House debates

Monday, 3 June 2024

Private Members' Business

Social Media

10:46 am

Photo of David GillespieDavid Gillespie (Lyne, National Party) Share this | Hansard source

This motion by the member for Fisher is very important—in fact, one of the more important private member's motions that have come to this chamber. Identity verification is the root issue, and the need to install it into social media. Social media is an essential evil, almost. It's part of life now. We all have horror stories of what happens on social media to young people, naive people, old people. There are scammers. There are people who used to be burglars at night or violent offenders in the general public. They are the highwaymen of the digital age. They prey on the assumption that they are never identified as the real perpetrator, so identity verification is everything. The rule of law depends on identity. If you don't know who is doing something wrong, how do you sue them or put them in jail or charge them? It is fundamental. How do legal titles exist unless, at the end of the chain of legal titles, you have a real person?

Identity is everything, and identity verification on social media is key to stopping all the social media ills that we're all familiar with. We operate in that field, as active politicians, and we've had to identify ourselves and go through lots of hoops to convince Facebook and Instagram that we are real people. If it can be done for us, why isn't it done for everyone on social media? We need to get into the social media space—not through the eSafety Commissioner; this should be an international movement. We can do our bit, but, as we have all seen, our eSafety Commissioner is like a mosquito bite to social media giant companies. They just brush us off. Admittedly, we can do stuff within our digital boundaries—geolocking—but we need to get identity confirmed so that we can defend our young people, older people and naive people from scammers, grifters, people grooming children, child abusers, violent offenders and the mid-African scammers, who seem to have a field day in Australia.
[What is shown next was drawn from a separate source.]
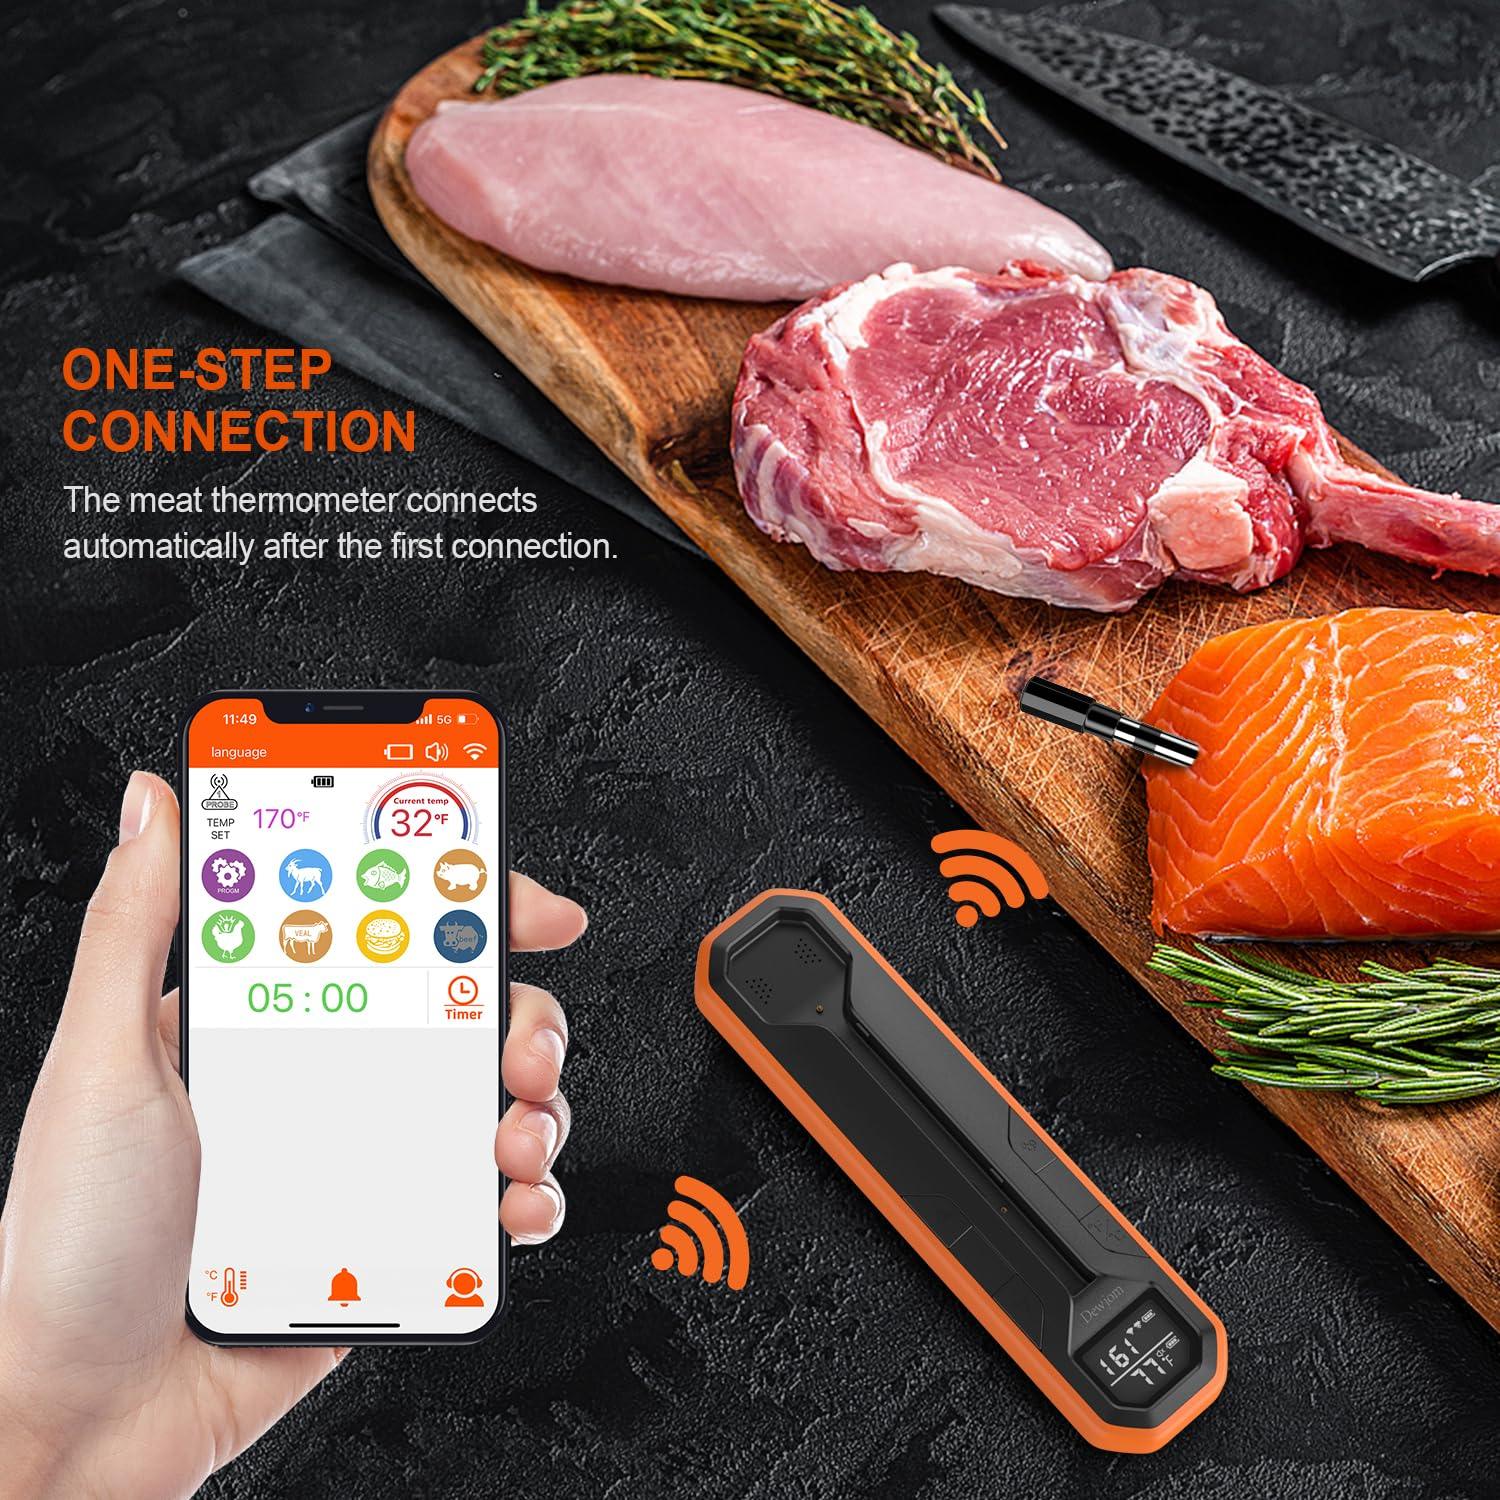 Dewjom Wireless Meat Thermometer – Digital Cooking Thermometer with Wireless Probe – 500Ft Remote Range Food Thermometer – with iOS & Android Read App -Preprogrammed Temperatures for BBQ, Oven, Grill - CookCave

It has been alleged by several speakers that we did nothing about this. We put up a committee of inquiry into this very issue and made many recommendations. In an attempt to prevent technology facilitated abuse, the Standing Committee on Social Policy and Legal Affairs, in 2021, did recommend the introduction of identity verification for social media platforms to strip malicious actors of their anonymity. We have now the emergence of artificial intelligence. That is yet another critical issue that will make everyone vulnerable if the person getting the fake persona on social media isn't verified.

Mr Deputy Speaker Freelander, you could appear in an AI generated video soon, as could senators in this building. You don't just have to be highly known actors or billionaires to get scammed. Everyone could scam anyone if we don't have proof of identity. We have the technology. We can't say it's too hard or too difficult. We have this thing—blockchain. Why can't we all get a digital blockchain badge that we have to submit to social media so that users knows if we're a real person. Then they'll know you are a real person. Unless we really get more technologically advanced than blockchain, we should be able to have a way of making it quick and easy without displaying all our details. It's just that rubber stamp: yes, that's a real person. A lot of these problems will then vanish because, if you're known and you're saying outrageous, libellous stuff or you're running a scam, people can track you down.

This is a really important issue. I'd like to thank the member for Fisher for putting it up. We want our children to be safe on social media. We've got to realise that, for kids, social media is not your friend. Wait till you grow up. Like driving and voting and serving your country, you have to be over a certain age.